I'm finishing up a plugin which will generate the following slideshow for iPad and iPhone 

http://miroperezphotography.com/sample

It has the following features:

* swipe gesture to move between photos
* supports device orientation changes
* configuration of slide show via LR web engine plugin
* various slide transitions like fade, cube, flip, slide
* mobile device iOS interface
 If you add this to as a home screen bookmark, it will behave much like a native application.

This is completely written in html5/CSS so anyone with an iPhone or iPad can view it.

Miro


----------



## Bruce J (May 10, 2011)

Miro - I can't view your slideshow from my PC, so I'll ask the questions here.  Does it support adding a border to the image and applying text/metadata to the border?  Does it allow variations in the timing of each image or do they all have to be on screen for the same time?

And, if it's completely built in HTML5/CSS, why does it require Safari for viewing?


----------



## miroperez (May 10, 2011)

Actually it requires a webkit browser to be more precise. IE and Firefox (not sure about IE9 or FF4) are not fully webkit compliant so they will not work. This is meant to be viewed only on an iPad/iPhone or Safari (possibly Chrome) which happens to be a webkit browser. I've actually seen it work on a few newer Android phones but it's hit and miss because some Android based hardware is just under powered and have varying versions of the webkit code.
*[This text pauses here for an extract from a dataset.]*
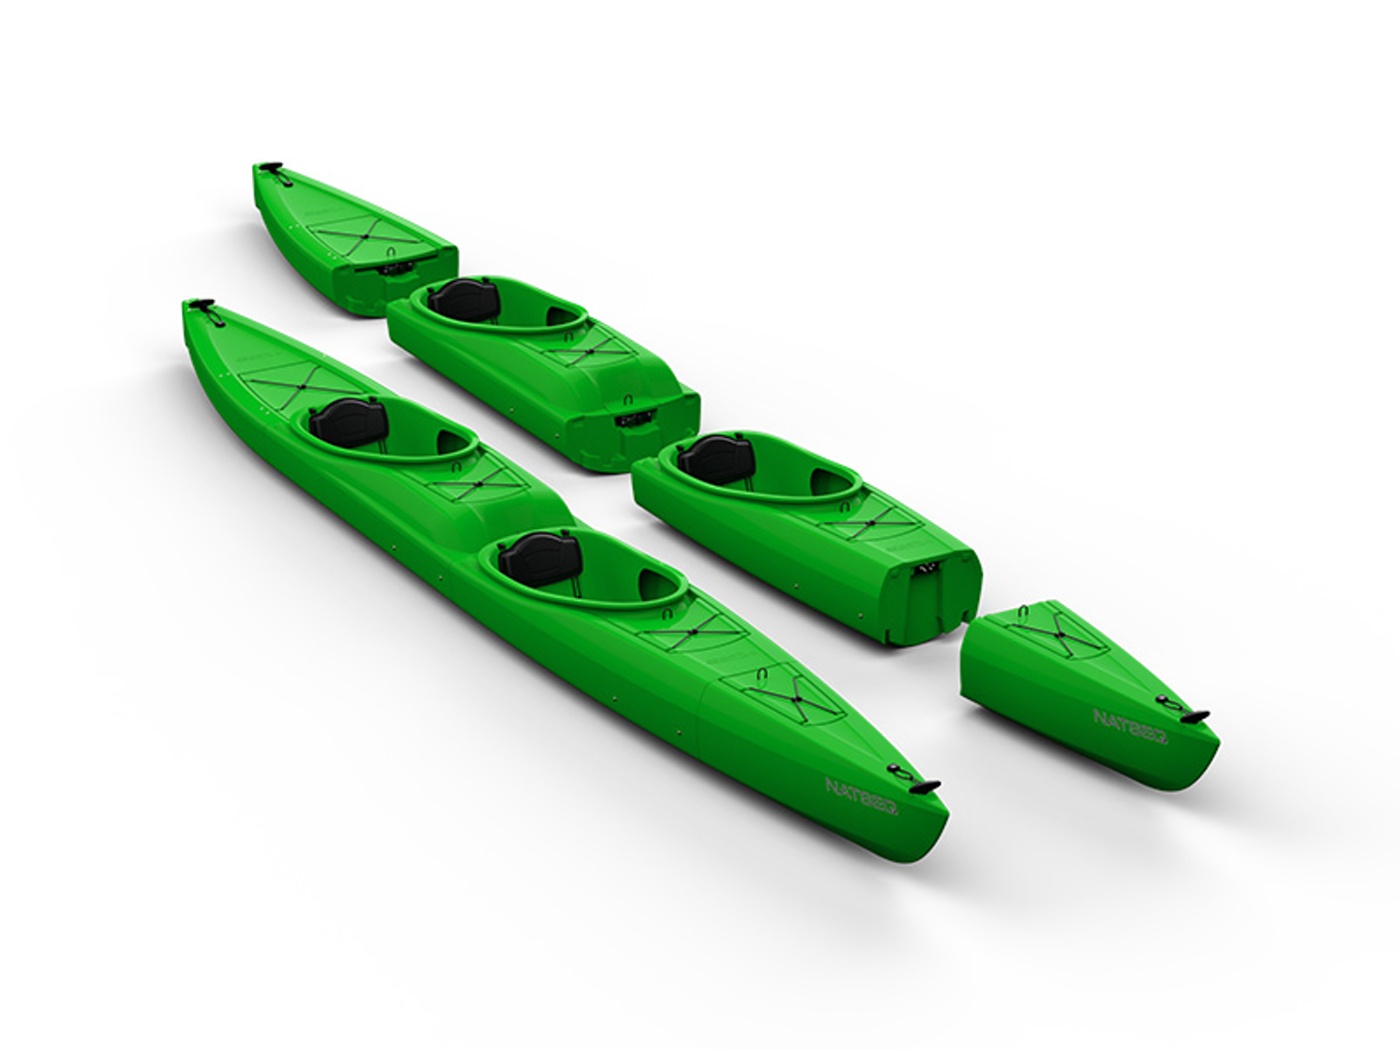 kayak innovations_natseq_tandem_green.jpg

I'm currently using different css to drive the borders at the moment but could add that variability to it. The plugin allows for timing of a constant duration between slides at the moment.  If I wasn't generating it via LR then the timing between slides is easy but I'm not sure where you would put that data for LR to consume at the moment. I'd have to investigate where I can place that data within the bounds of access the plugin has.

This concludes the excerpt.